2. Asset Sale vs. Stock Sale
The entitlement to separation pay differs fundamentally based on how the business was transferred.
The Stock Sale (Share Transfer)
In a stock sale, the corporation’s equity changes hands, but the legal personality of the corporation remains the same.
- Status: There is no "new" employer in the eyes of the law; the corporation simply has new owners.
- Entitlement: Because the employer-employee relationship is uninterrupted, employees are not entitled to separation pay. Their seniority and benefits continue seamlessly.
The Asset Sale
In an asset sale, the new company buys the physical assets, goodwill, or business units of the old company.
- Status: The old employer ceases to be the employer.
- Entitlement: This is generally treated as a closure of business. The old employer is liable for separation pay unless a specific "Successor-Employer" agreement is reached.
3. The Three Scenarios of Absorption
When an employee is "absorbed" during an asset sale or merger, the legal outcome typically falls into one of three categories:
| Scenario | Description | Separation Pay Status |
|---|---|---|
| The "Clean Break" | The old employer terminates the employees and pays their separation pay. The new employer hires them as new employees. | Entitled. Paid by the old employer. Seniority resets to zero at the new company. |
| The Seamless Transfer | The new employer agrees to "absorb" the employees and credits their years of service from the old company. | Not Entitled (at the moment). The obligation is deferred. The new employer assumes the liability for future separation. |
| The Option to Retire | The collective bargaining agreement (CBA) or company policy allows employees to "opt-out" of absorption and take a redundancy package instead. | Entitled. Based on the specific terms of the company policy or CBA. |
4. The "Successor-Employer" Doctrine
In the Philippines, there is no law that requires a purchaser of a business to absorb the employees of the seller. The Supreme Court has consistently ruled that a corporation is a distinct legal entity.

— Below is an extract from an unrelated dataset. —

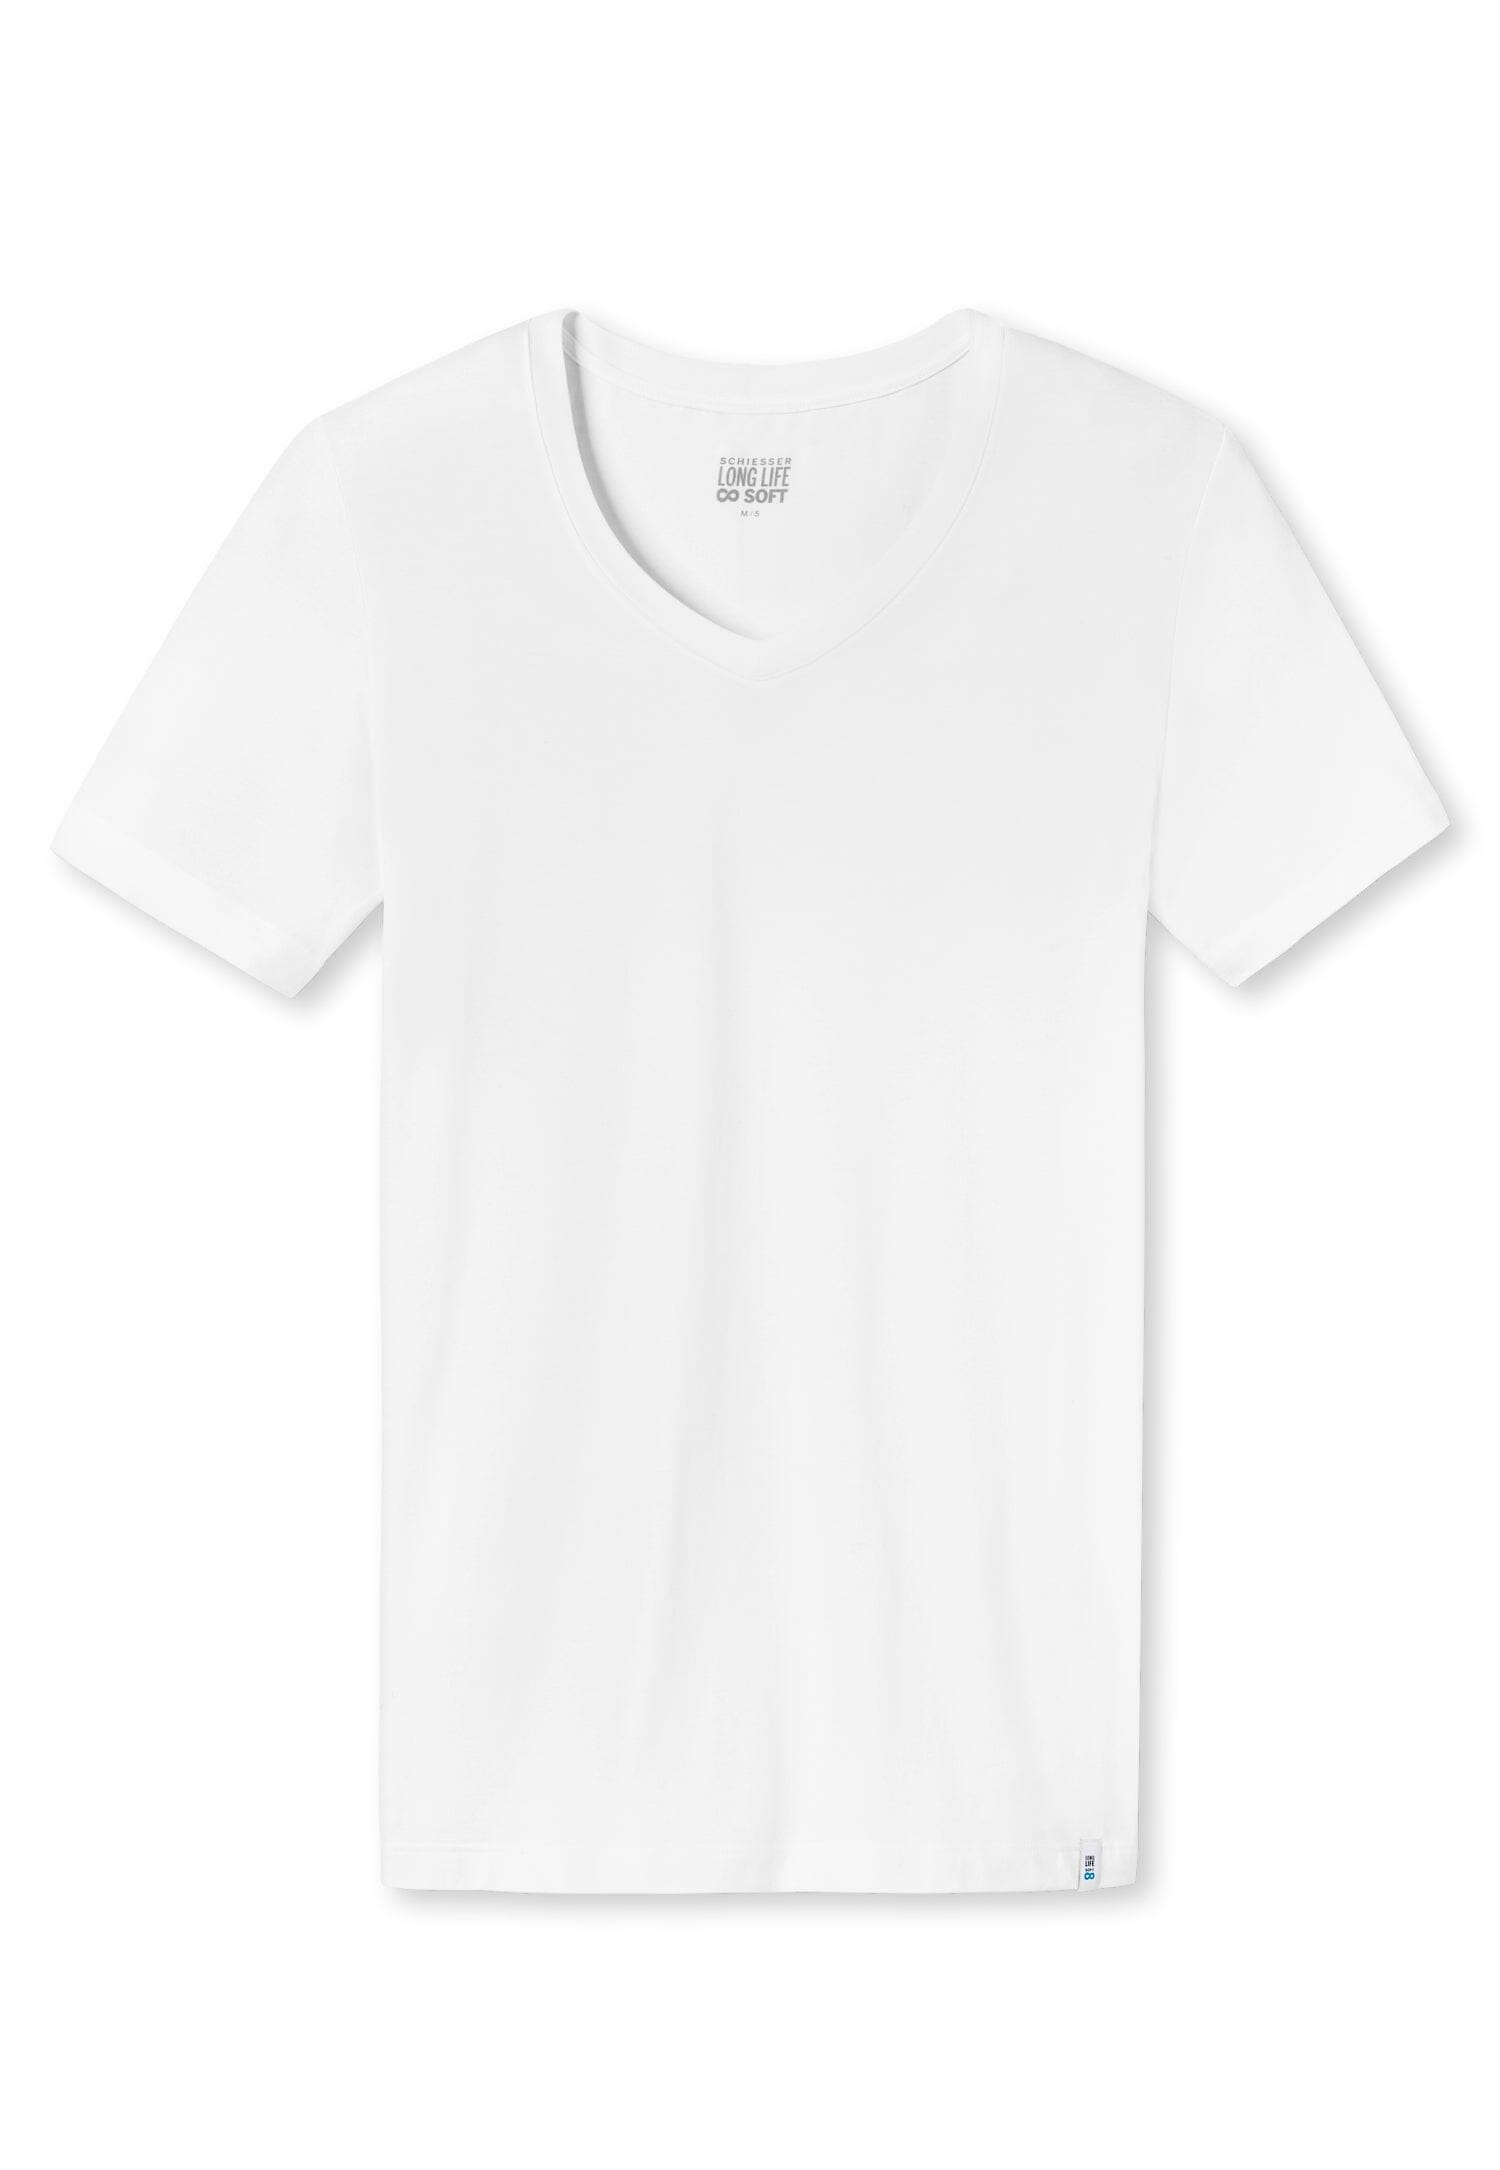 Schiesser - Long Life Soft T-Shirt - Wit Shirt Schiesser

"An innocent transferee (a buyer in good faith) has no legal duty to absorb the transferor's employees. However, if they choose to do so, they may do so under their own terms and conditions, unless they voluntarily assume the previous employer's obligations."

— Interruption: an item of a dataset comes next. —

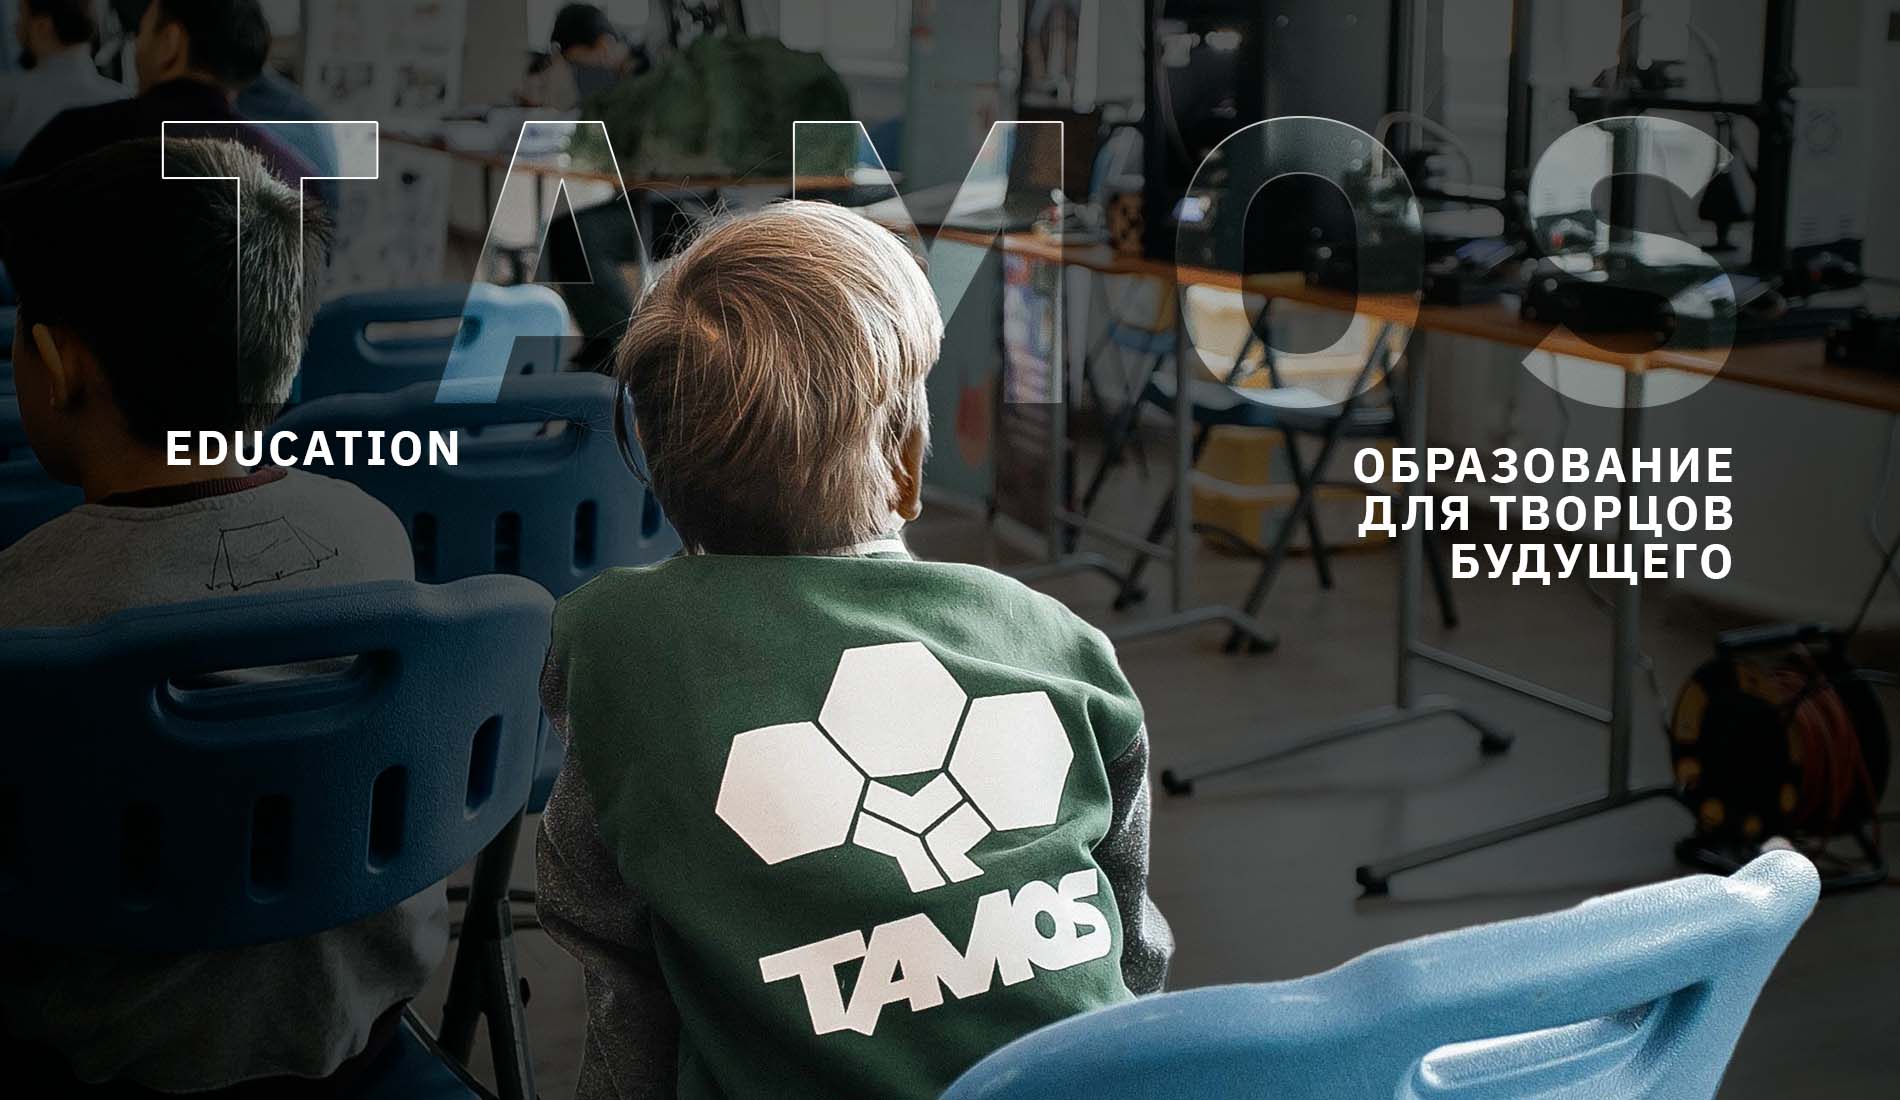 TAMOS Education – образование для творцов будущего

If the new employer does not assume the liability for previous years of service, the old employer must pay separation pay. Failure to do so constitutes a violation of the Labor Code.
5. Computation of Separation Pay
If entitlement is established due to closure (not due to serious business losses) or redundancy, the pay is calculated as follows:
- Closure/Retrenchment: At least one-half (1/2) month pay for every year of service.
- Redundancy: At least one (1) month pay for every year of service.
- Fractional Year: A fraction of at least six (6) months is considered as one (1) whole year.
$$\text{Separation Pay} = (\text{Monthly Salary}) \times (\text{Years of Service})$$
(Note: Use 1/2 month or 1 month multiplier depending on the specific authorized cause.)
6. Key Jurisprudence and Nuances
- Good Faith Requirement: For the old employer to be liable only for the minimum statutory separation pay, the transfer must be in good faith. If the "transfer" is a sham intended to dodge labor unions or lower wages (piercing the corporate veil), the court may rule that no transition occurred and demand full reinstatement and backwages.
- No "Double Recovery": An employee cannot demand separation pay from the old employer while simultaneously demanding that the new employer credit their previous years of service for retirement purposes. It is generally one or the other.
- Voluntary Resignation: If an employee resigns from the old company to join the new company before the formal transfer/closure is declared, they may forfeit their right to separation pay unless the resignation was coerced (constructive dismissal).
Summary Checklist
- Check the Contract of Sale: Did the new company buy the shares or the assets?
- Review the Appointment Letter: Does the new contract state that your "years of service are credited" or that you are a "new hire"?
- Identify the Cause: Is the old company closing down or just changing its name?
- Examine the CBA: Does the Union have an agreement regarding "Successor Clauses"?